# Please look at your 129 Transponder 30 Signals.



## OinkinOregon (Feb 19, 2006)

If you would please watch your 129 Transponder 30 signal and report your findings please watch for at least 20 minutes. When the transponder 30 drops to it lowest level, switch over to Transponder 6 and report the difference. Also please post where you live.

Dish swears there is nothing wrong with this Sat. but there are many of us suffering with lockups on the Rave channel which transmits through Transponder 30.

My signal drops as low as 36 from a high of 72. I can switch transponders to 06 and it will be in the 60's. I wish I knew more about Sats. but it seems to me that the 129 trans 30 rotates out of position and I lose lock.
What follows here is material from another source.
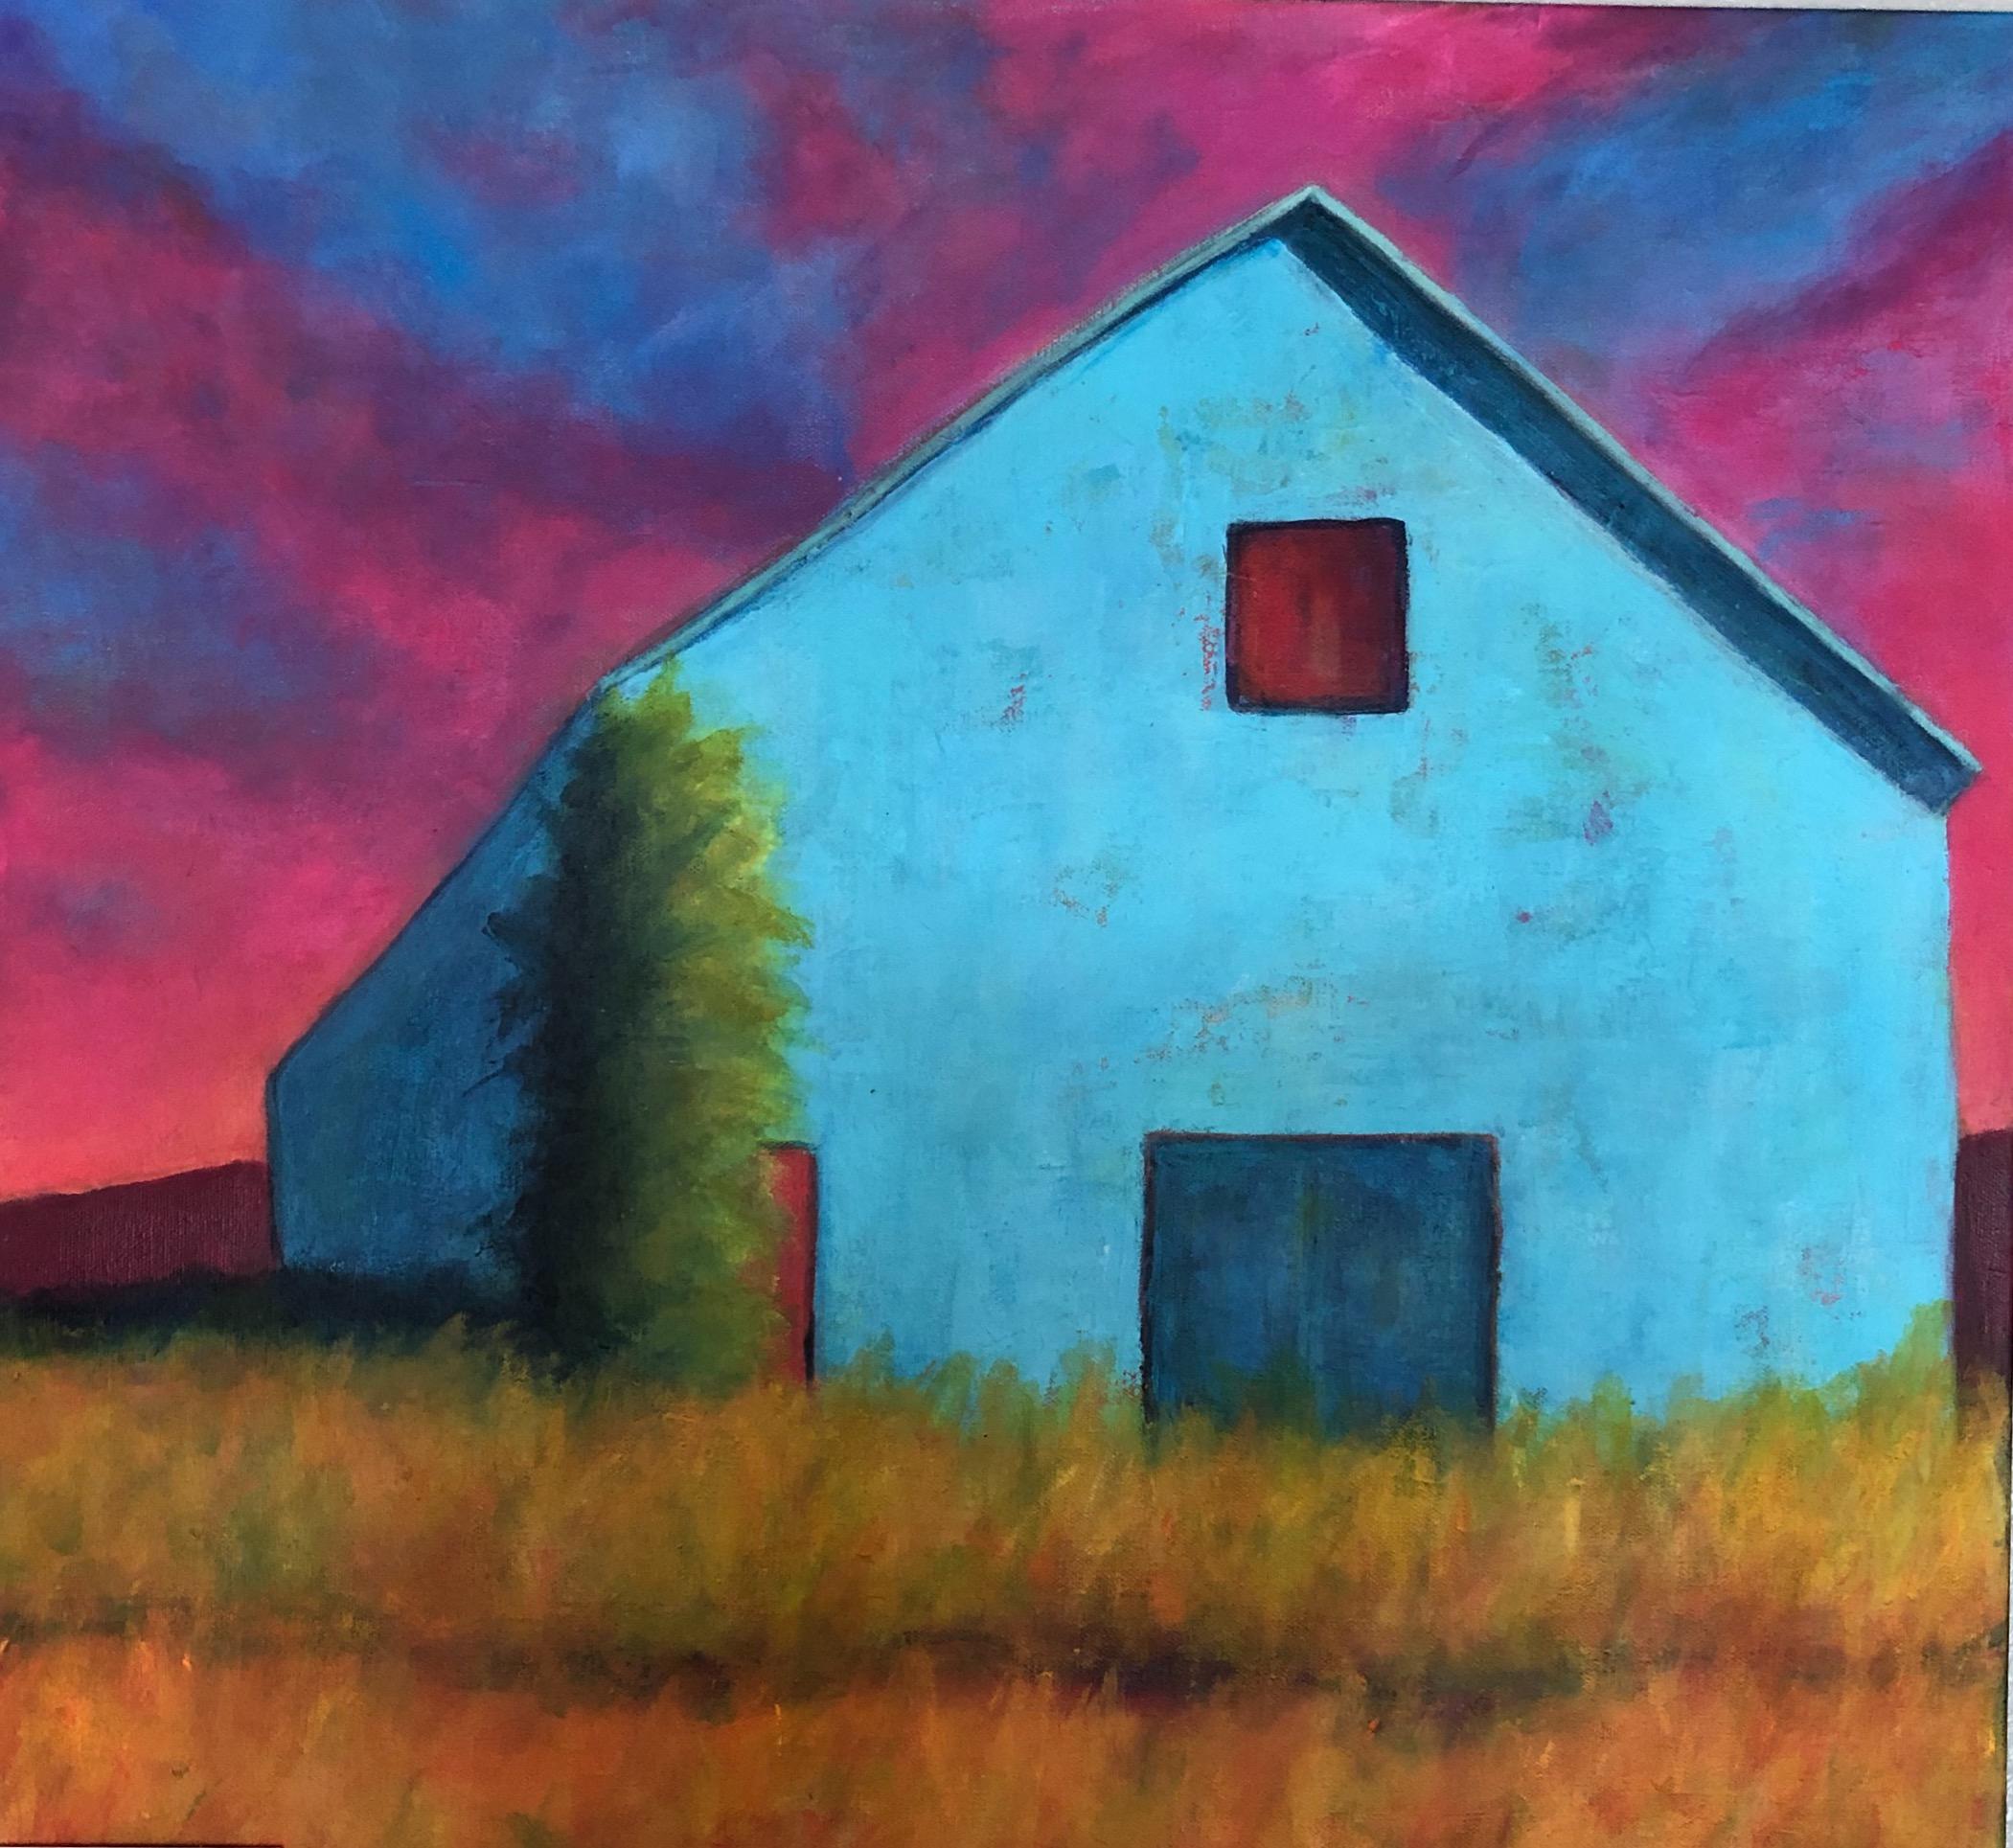 Blue Barn ~ Homage to Batchelder

I thank you for your time.


----------



## Rob Glasser (Feb 22, 2005)

All of my transponders drop about 30 - 40 points every 20 - 45 minutes. Consistently. Way too many people are having problems with this for it to be an install problem. Something has either got to be wrong with the satellite or that location is just really bad for at least the west coast.


----------



## brettbolt (Feb 22, 2006)

Rob Glasser said:


> Something has either got to be wrong with the satellite or that location is just really bad for at least the west coast.
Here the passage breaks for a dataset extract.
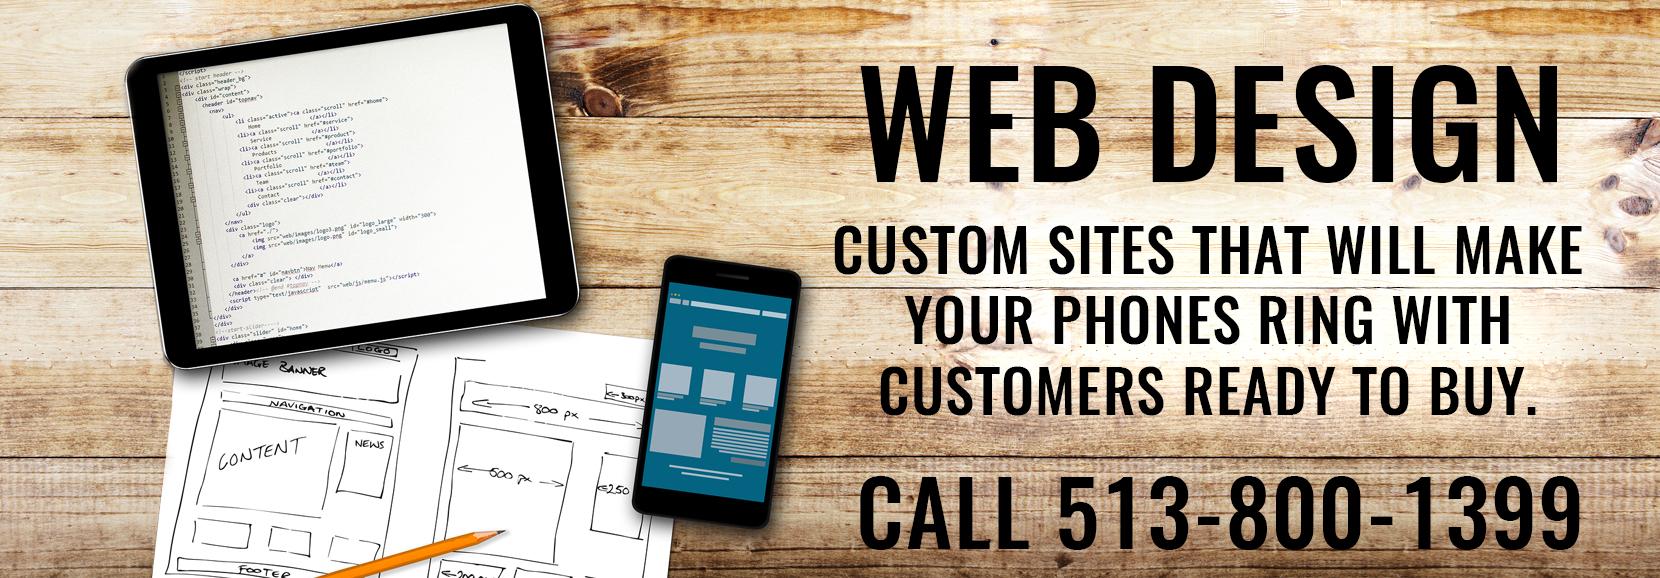 videoproductioncincinnati web design slider

I should have my 2nd dish for 129 on Friday or Monday, so I'll try it with my 501 receiver and report my results here. Will try it on a 622 as soon as I receive it.


----------



## DP1 (Sep 16, 2002)

Well as another data point, here in Colorado on my "unofficial" Dish1000 I've been monitoring tp 30 on 129 for almost an hour and it's consistently stayed at about 70 (high of 72 low of 68).

So that 30 degree drop thing might be more isolated geographically, even if just generally low sig strengths might be more widespread.


----------



## Rob Glasser (Feb 22, 2005)

DP1 said:


> Well as another data point, here in Colorado on my "unofficial" Dish1000 I've been monitoring tp 30 on 129 for almost an hour and it's consistently stayed at about 70 (high of 72 low of 68).
> 
> So that 30 degree drop thing might be more isolated geographically, even if just generally low sig strengths might be more widespread.


That's what my numbers look like too, but I keep getting that massive drop. The drop doesn't manifest itself on 110 or 119, just 129 transponders.


----------



## olgeezer (Dec 5, 2003)

Transponders on all 3 sat locations vary. Best signal 119-119 110-98 129-87.
Worst signal 119-98 110-83 129-69 Topeka Kansas pole mounted by dummy (Me) 6:30 P.M. (forgot the number 30)


----------



## sbuko (Jan 10, 2006)

Below is what I am getting on each transponder off of 129.

My receiver is a 942.
My dish for 129 is a Dish 300 that I "aimed" myself using a SAT meter.

1 - 86
2 - 85 (did not lock though)
3 - 84
4 - 85
5 - 89
6 - 96
7 - 88
8 - 81
9 - 95
10 - 97
11 - 85
12 - 96
13 - 88
14 - 88
15 - 92
16 - 89
17 - 87
18 - 88
19 - 85
20 - 89
21 - 88
22 - Receiver would not allow testing 22
23 - 89
24 - 91
25 - Receiver would not allow testing 25
26 - Receiver would not allow testing 26
27 - 92
28 - Receiver would not allow testing 28
29 - Receiver would not allow testing 29
30 - 88
31 - 93


----------



## jbaker8679 (Jan 12, 2006)

as long as it doesnt drop below 30 on any transponder signals you all will be ok trust me i am a tech. So dont worry unless you start loosing chanels and you screen get surching for sat signal


----------



## trjam1257 (Dec 20, 2004)

Here in North Carolina, signal is about 70 to 80 on 129.


----------



## Rob Glasser (Feb 22, 2005)

So my strength maxes out at about 71 on transponder 30. However, I happened to be looking at the signal on transponder 30 tonight in the "point dish" screen when it dropped and recovered. Was quite interesting to watch. First the strength is 71, then it fluctuates down into the upper 60's, then all of a sudden drops down to 36 and loses lock. The, a few seconds later it starts going back up, 1 - 2 points every couple of seconds like clockwork, slowly back up to 71. It never regains "lock", but as soon as I change transponders and go back to transponder 30 it's locked again, I'm guessing the screen just didn't update that it had locked back on.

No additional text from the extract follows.